Адам Пэтч мягко покачал головой.

– Ну, нет. Мне ты не присылал никакого эссе. Возможно, ты думал, что послал, но я не получал его.

– Послушайте, дедушка, вы же читали его, – немного раздраженно настаивал Энтони. – Вы прочитали его и не согласились со мной.

Внезапно старик вспомнил, но это было заметно лишь по слегка отвисшей челюсти, обнажившей ряды сероватых десен. Ощупывая Энтони древним зеленым взглядом, он колебался между признанием своей ошибки и ее сокрытием.

– Значит, ты пишешь, – поспешно сказал он. – Тогда почему бы тебе не написать об этих немцах? Напиши о чем-то реальном, о том, что происходит сейчас и будет интересно для людей.

– Кто угодно не может быть военным корреспондентом, – возразил Энтони. – Нужно иметь какую-нибудь газету, готовую покупать твои материалы. А я не могу тратить деньги на работу независимым журналистом.
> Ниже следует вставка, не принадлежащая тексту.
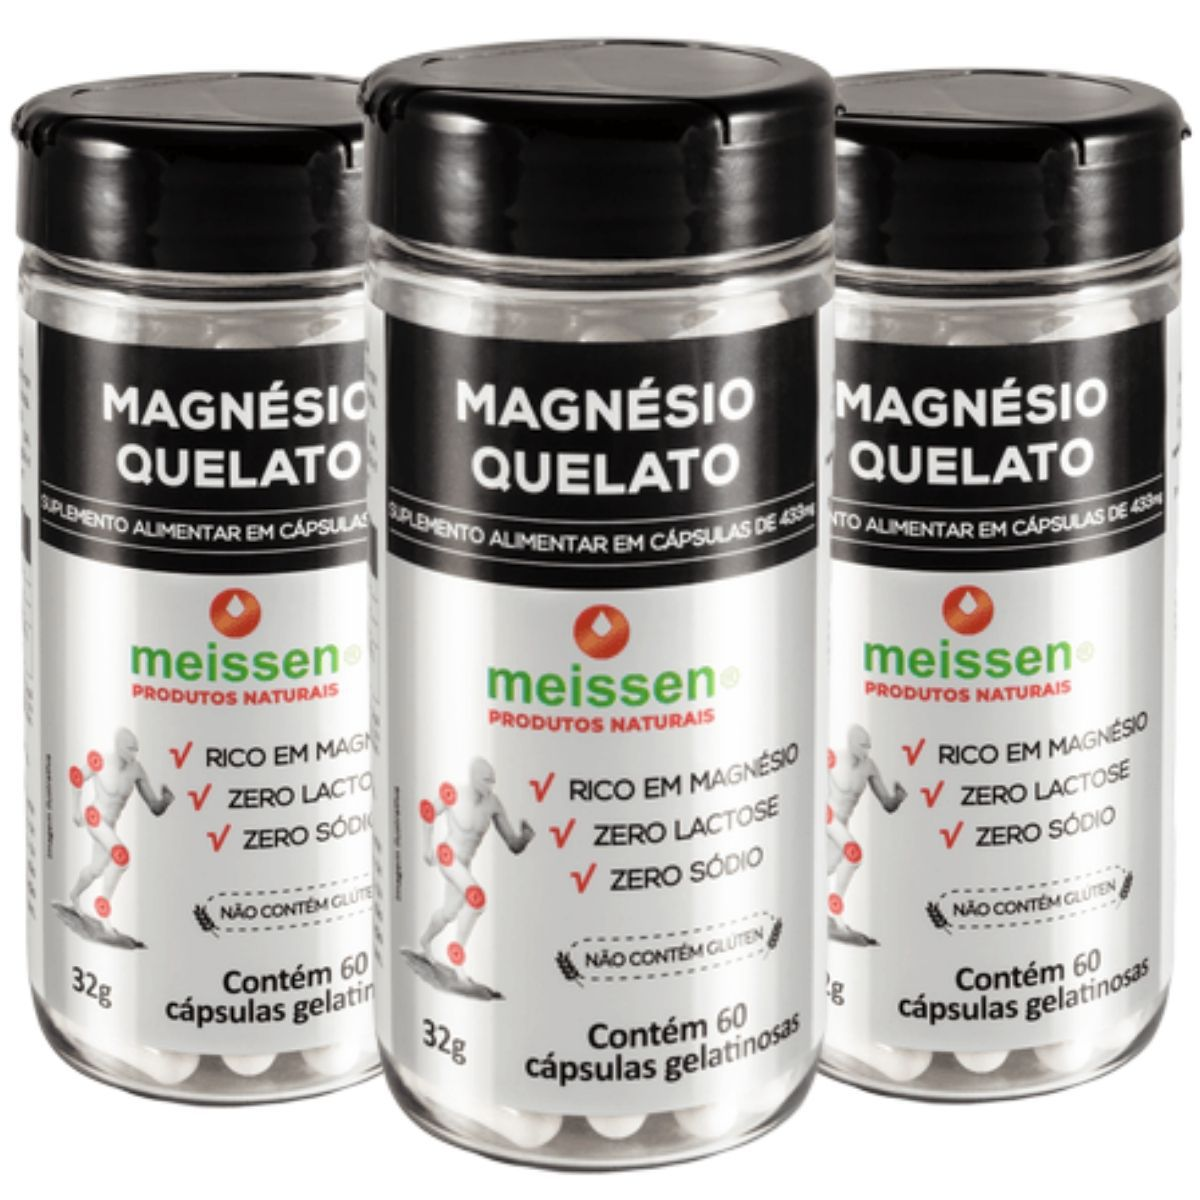 Kit 3 Magnésio Quelato Meissen - 433 Mg 60 Cápsulas

– Я отправлю тебя, – неожиданно предложил его дед. – Я отправлю тебя в качестве уполномоченного корреспондента от любой газеты по твоему выбору.

Энтони содрогнулся от такой мысли и почти одновременно увлекся ею.

– Я… я не знаю…

Ему придется покинуть Глорию, которая посвятила ему всю свою жизнь и окружила его любовью. Глория находилась в беде. Нет, это было немыслимо… однако он видел себя одетым в хаки и опирающимся на тяжелую трость, как делают все военные корреспонденты, с ранцем на плече и старающимся быть похожим на англичанина.

– Мне нужно это обдумать, – признался он. – Конечно, это очень любезно с вашей стороны. Я поразмыслю и дам вам знать.

Мысли об этом занимали его по дороге в Нью-Йорк. Он испытал одну из внезапных вспышек воображения, которой удостаиваются все мужчины, которые находятся под влиянием сильных и любимых женщин, показывающих им мир более крепких мужчин, прошедших более суровую подготовку и борющихся не с абстрактными призраками, а с настоящими врагами. В этом мире руки Глории существовали лишь как жаркие объятия случайной любовницы, хладнокровно выбранной и быстро забытой…

Эти незнакомые фантомы столпились вокруг него, когда он садился на поезд до Мариэтты на Центральном вокзале. Вагон был переполнен, он занял последнее свободное место и лишь через несколько минут бросил случайный взгляд на мужчину рядом с собой. Он увидел тяжелую челюсть, крупный нос, скошенный подбородок и маленькие припухшие глаза. Секунду спустя он узнал Джозефа Блокмана.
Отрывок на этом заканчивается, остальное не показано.